[Given material]
####################

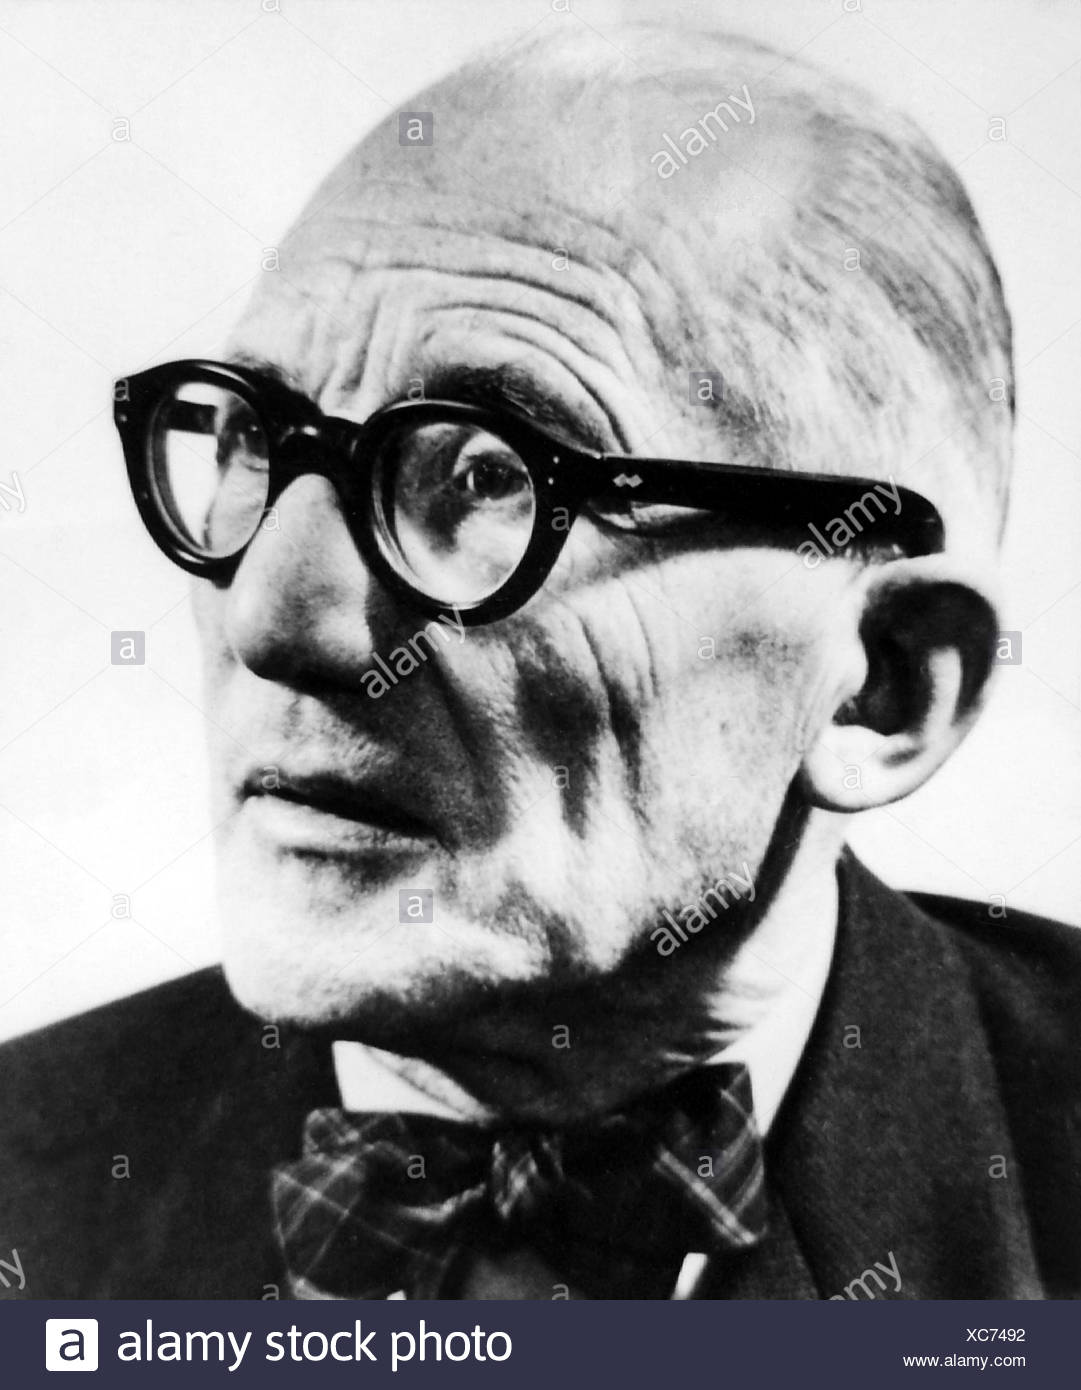 Le Corbusier (Charles-Edouard Jeanneret-Gris), 6.10.1887 - 27.8.1965, Suiza - El arquitecto francés, retrato, 1950 Additional-Rights-juegos-NA Imagen De Stock
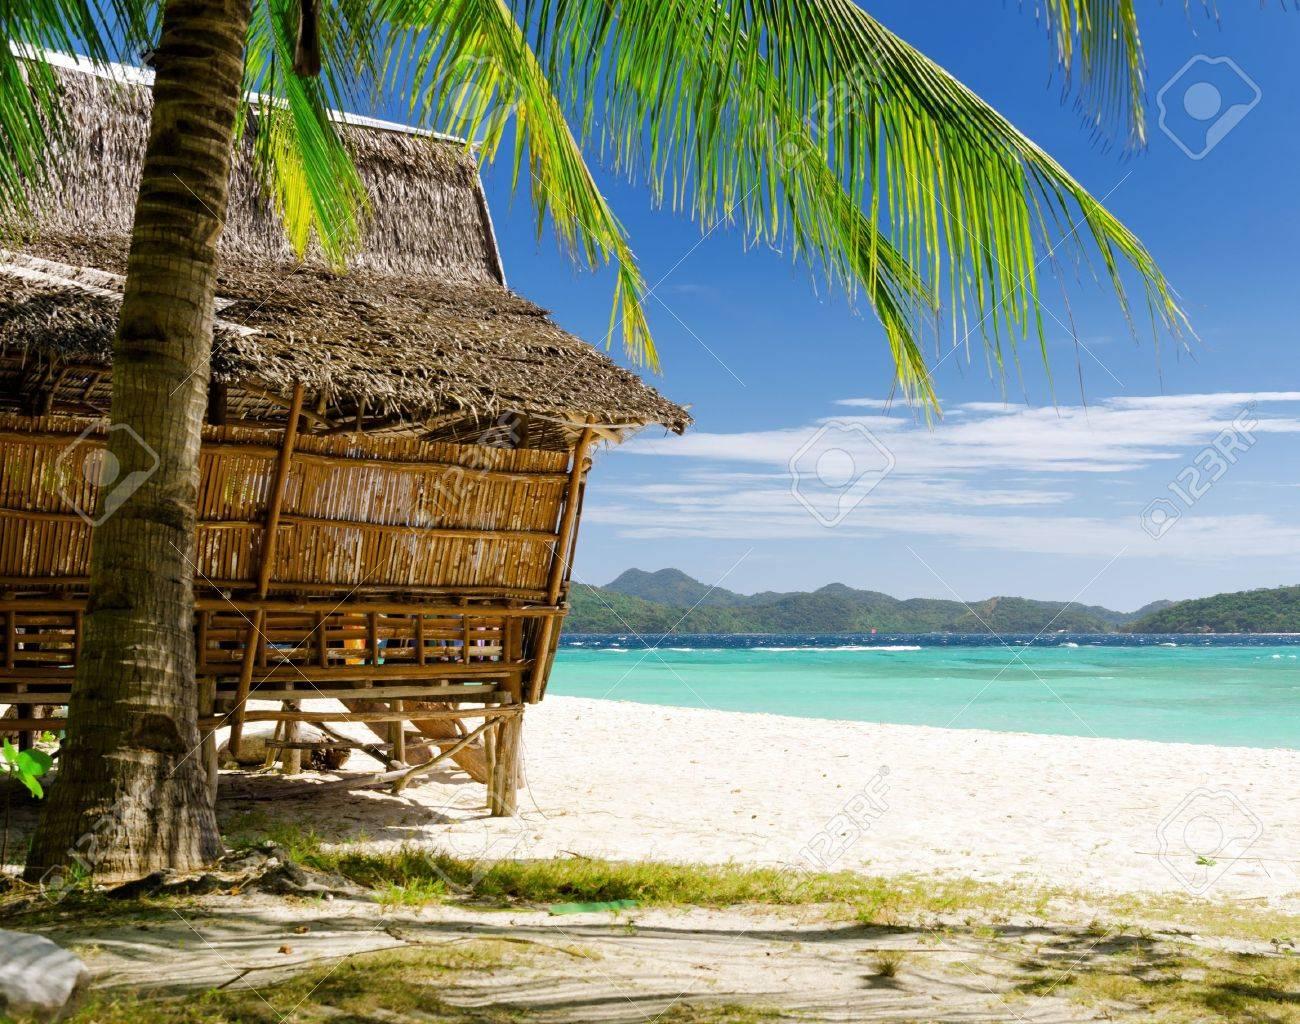 Bamboo hut on a tropical beach. Stock Photo - 14398580
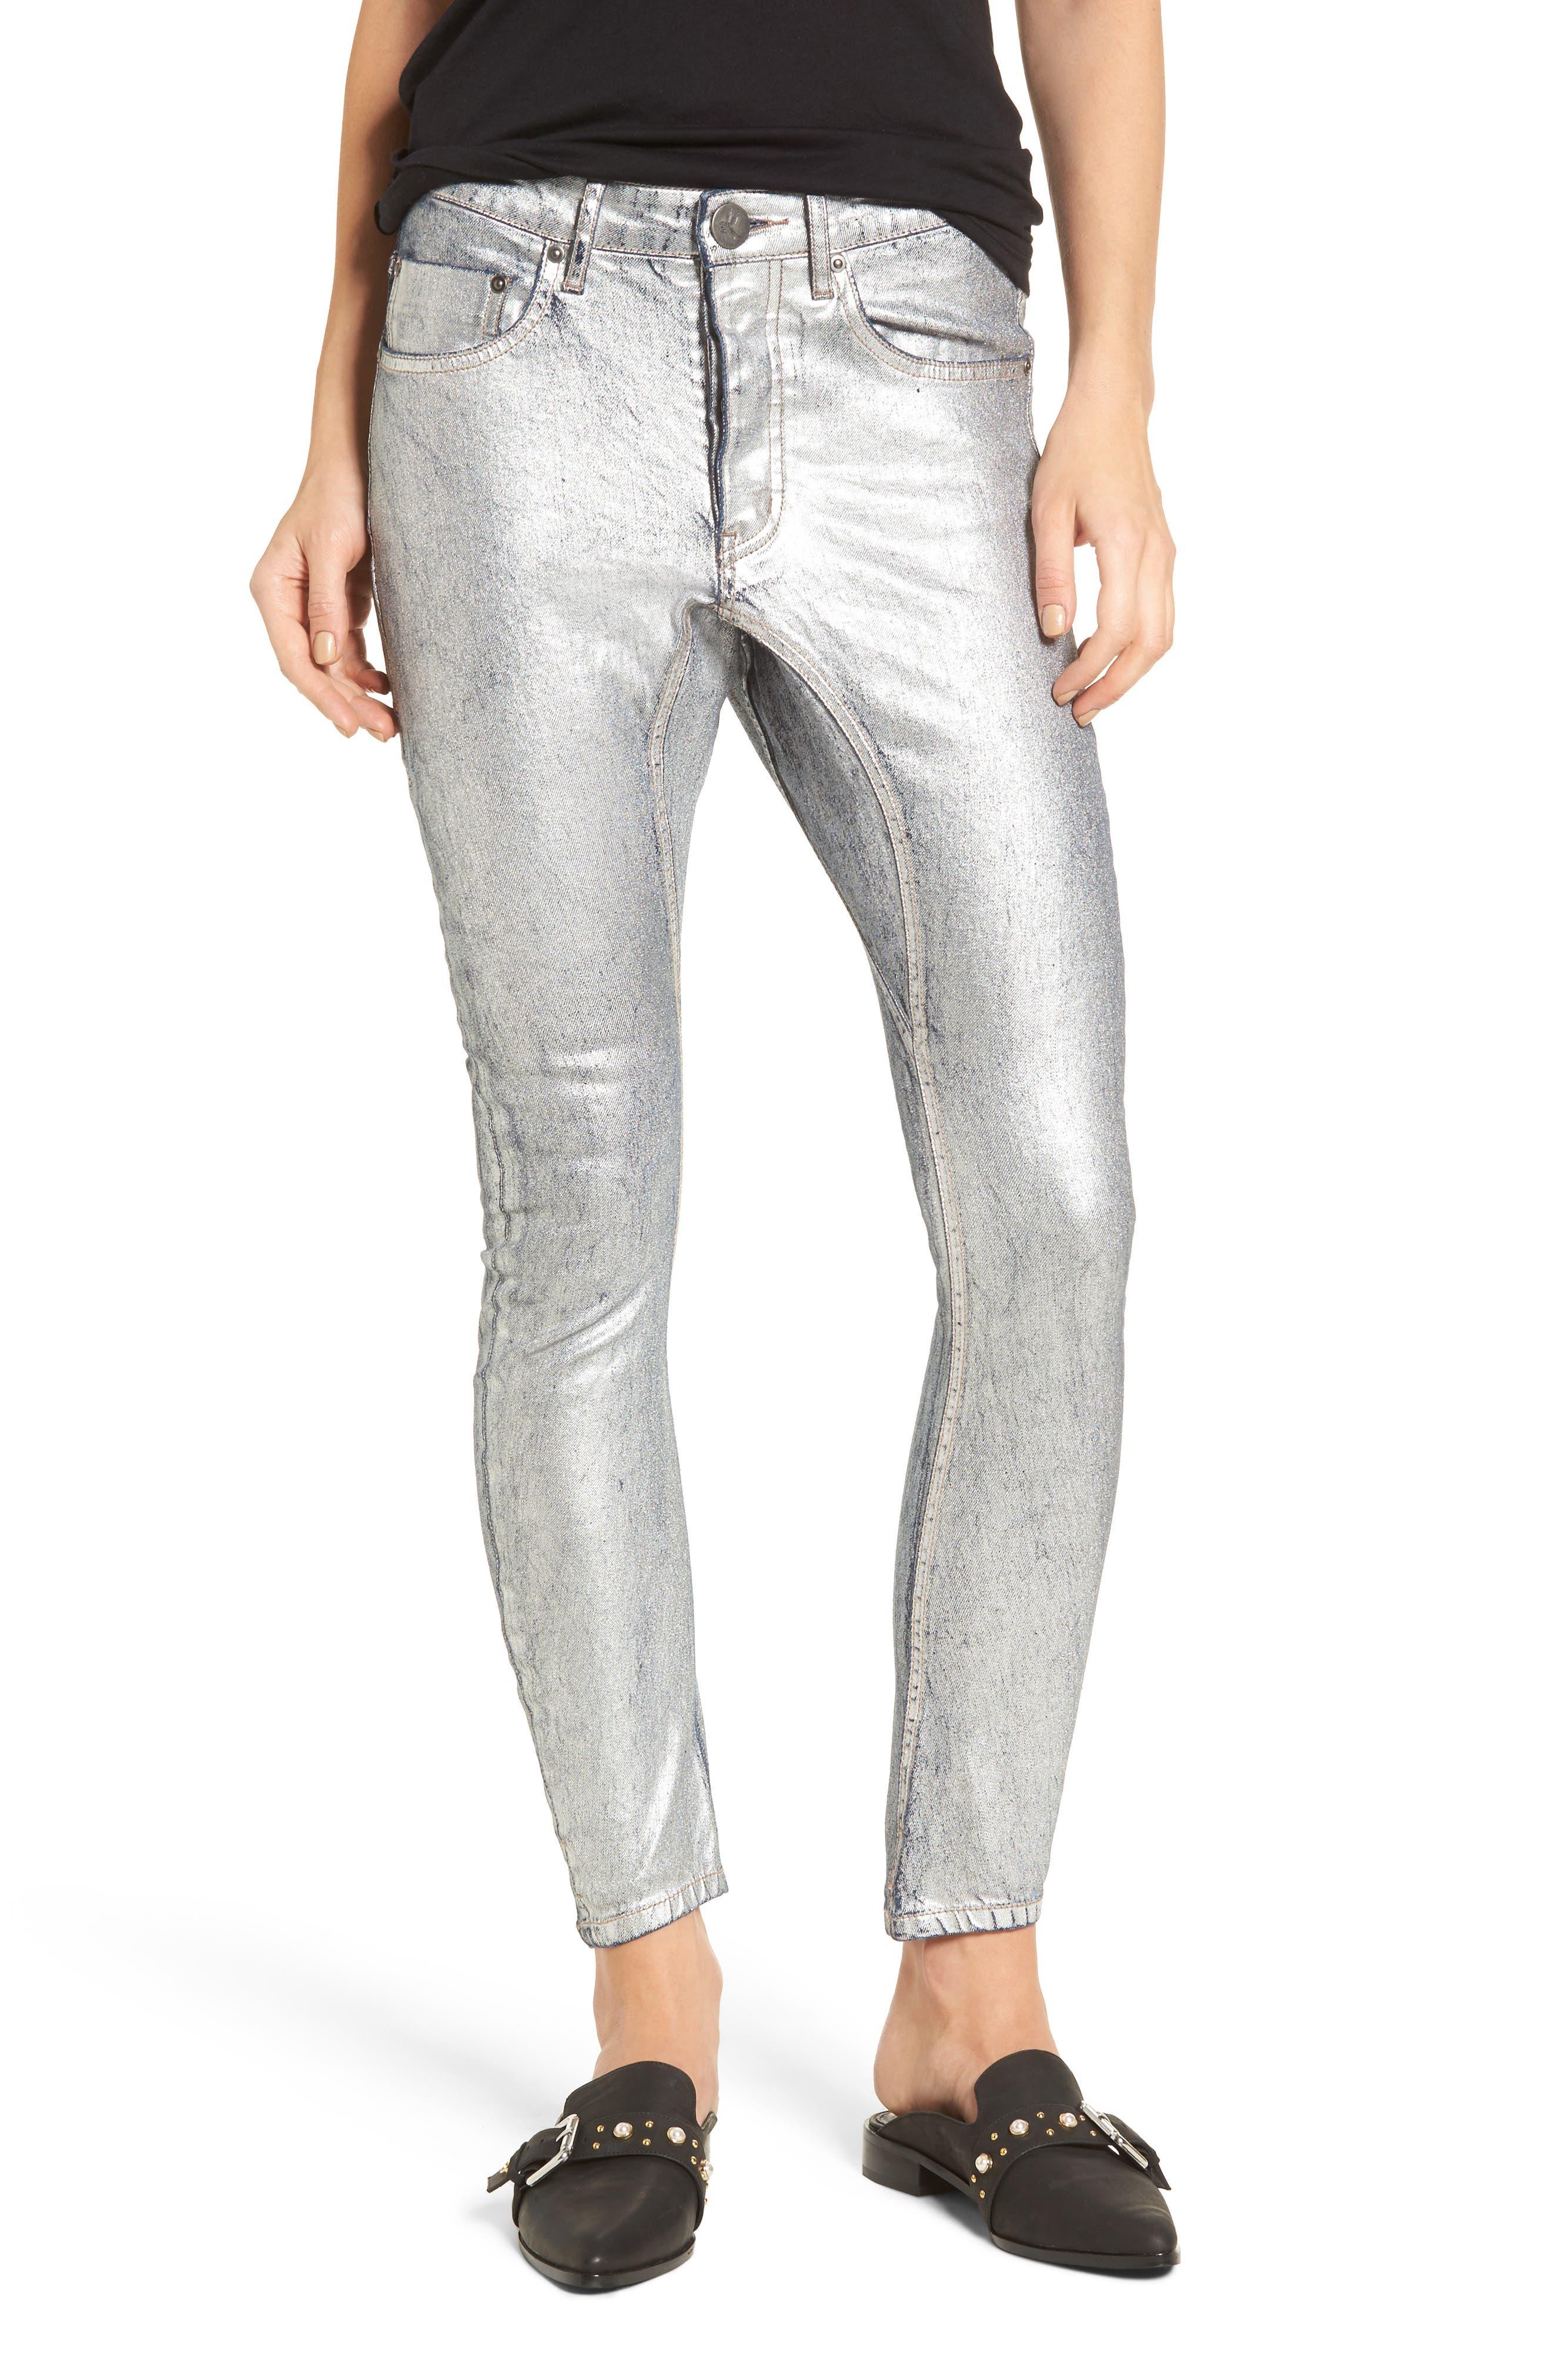 Kidds Metallic Drop Crotch Skinny Jeans,                         Main,                         color, 040

####################

[Assignment] The listing above must be retyped word for word, without the pictures.

[Answer to this problem]
 Le Corbusier (Charles-Edouard Jeanneret-Gris), 6.10.1887 - 27.8.1965, Suiza - El arquitecto francés, retrato, 1950 Additional-Rights-juegos-NA Imagen De Stock
 Bamboo hut on a tropical beach. Stock Photo - 14398580
 Kidds Metallic Drop Crotch Skinny Jeans,                         Main,                         color, 040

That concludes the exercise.